While All Star Battle mode contains many fights from the JoJo manga and anime, there’s not much to learn here about the plot of the series. Unfortunately, it leaves anybody who’s new to JoJo completely in the dark as to what is happening in the story, who the main characters are, and why these fights are important. The original’s story mode is nowhere to be found here, which means that one of the remaster’s biggest missed opportunities is in the storytelling – or lack thereof. All there is is a glossary filling in some info on important items and characters hidden in the menus, but it serves better as a reminder to lapsed fans than a guide to the greatness of JoJo.

That’s not to say JoJo’s signature flavor is nowhere to be found; it’s alive and well on the battlefield. Explosive super moves known as Heart Heat and Great Heat Attacks unleash devastating combinations that are paired with ridiculous and flashy animations and voice lines. Some of the best of these include Dio pulverizing a steamroller (a classic), Diego transforming into a Jurassic terror, and Akira Otoshi shredding on his guitar while his Stand pummels their foe.

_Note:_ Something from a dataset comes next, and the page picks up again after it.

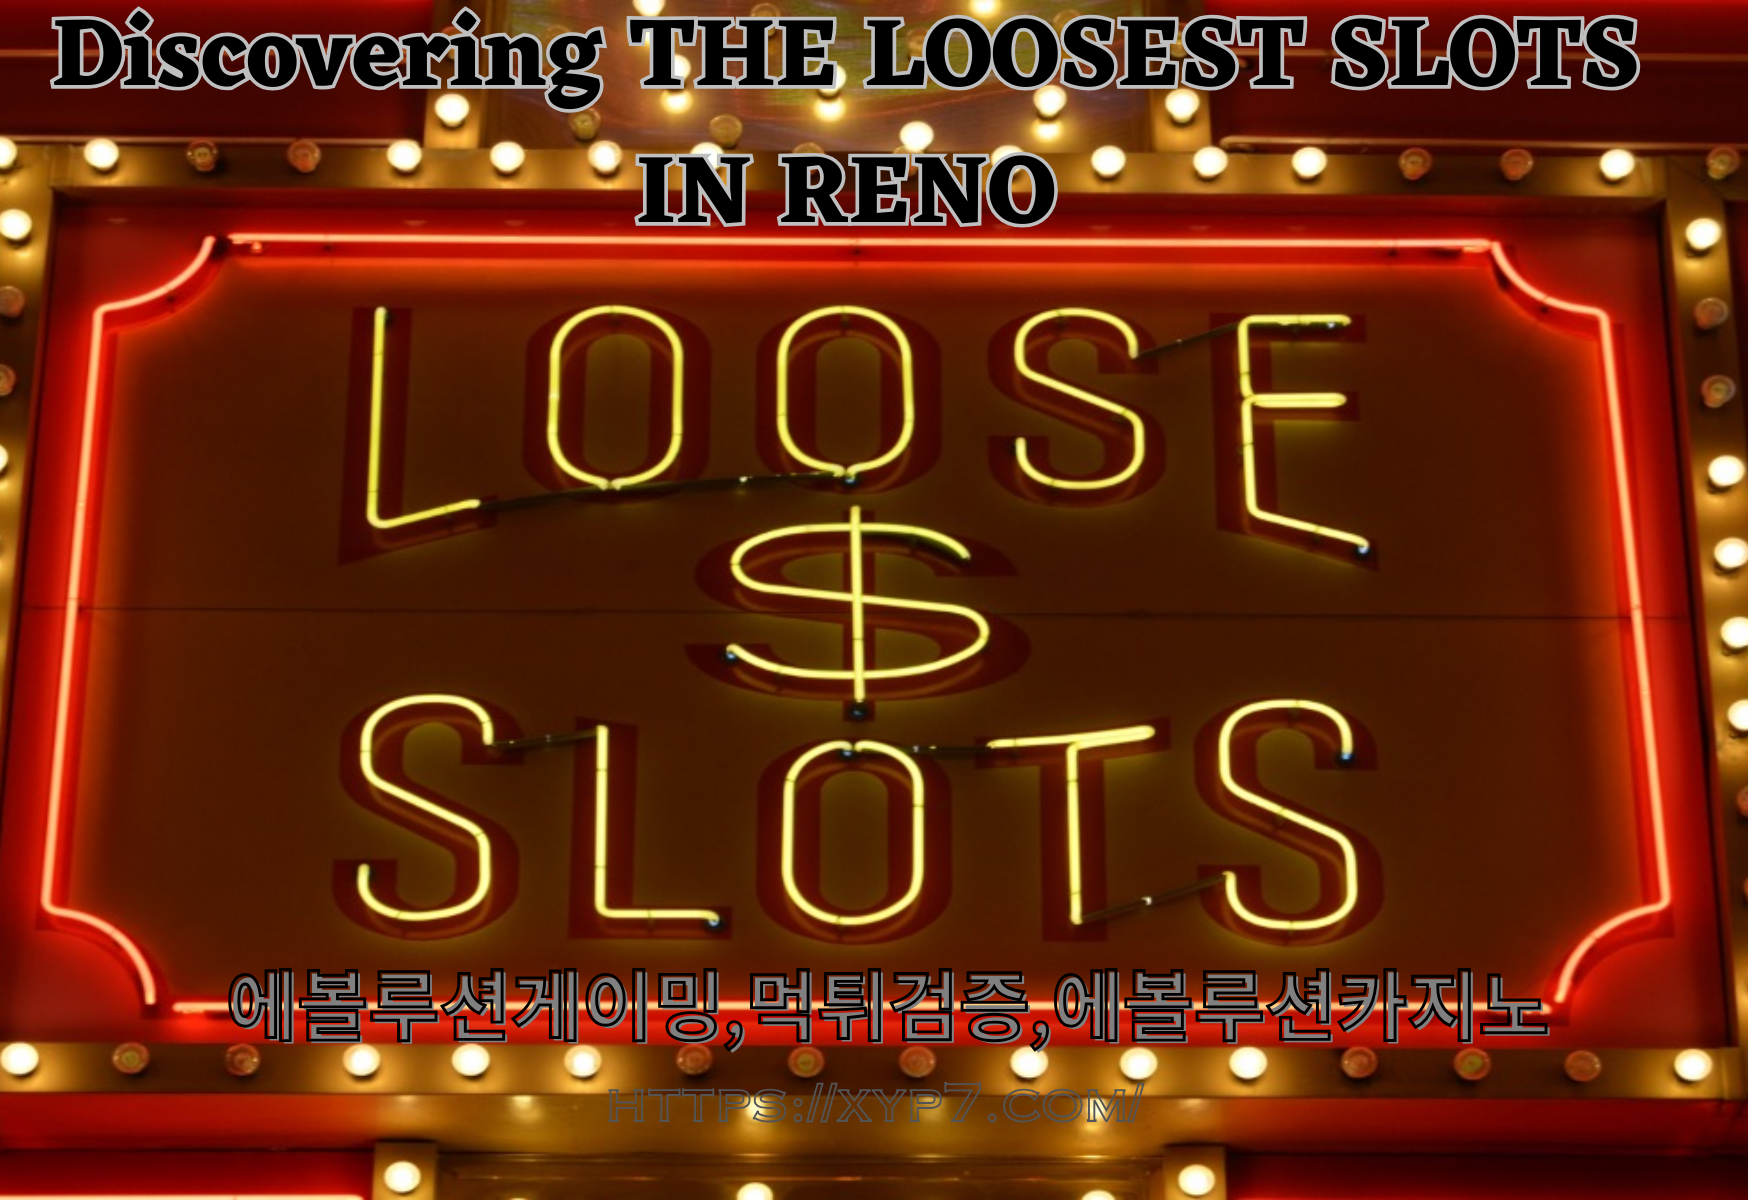 Discovering THE LOOSEST SLOTS IN RENO

Where things go downhill for JoJo’s Bizarre Adventure: All Star Battle R is in its considerably lacking online play. Not only are the standout parts of offline competition missing, like team battles and tournaments, but remote matches are also limited to strictly 1v1 matchmaking without the option for group lobbies. On top of that, while some matches play out just fine online, matches with any network slowdown can turn brawls into a constantly hitchy mess. Like this… That’s a real mood killer, especially in an age where online play is more popular than ever, and competing fighting games such as Guilty Gear Strive or Capcom Fighting Collection are flexing a much better online infrastructure with modern rollback netcode.

I wish it were only connection problems, but there are more issues with online play. Entering into a ranked match is an exercise in navigating unintuitive menus, which made the simple task of selecting my preferred character confusing and frustrating. This annoying mode was also responsible for competitions where it lost my customized button scheme simply because I matched up in the 2P position.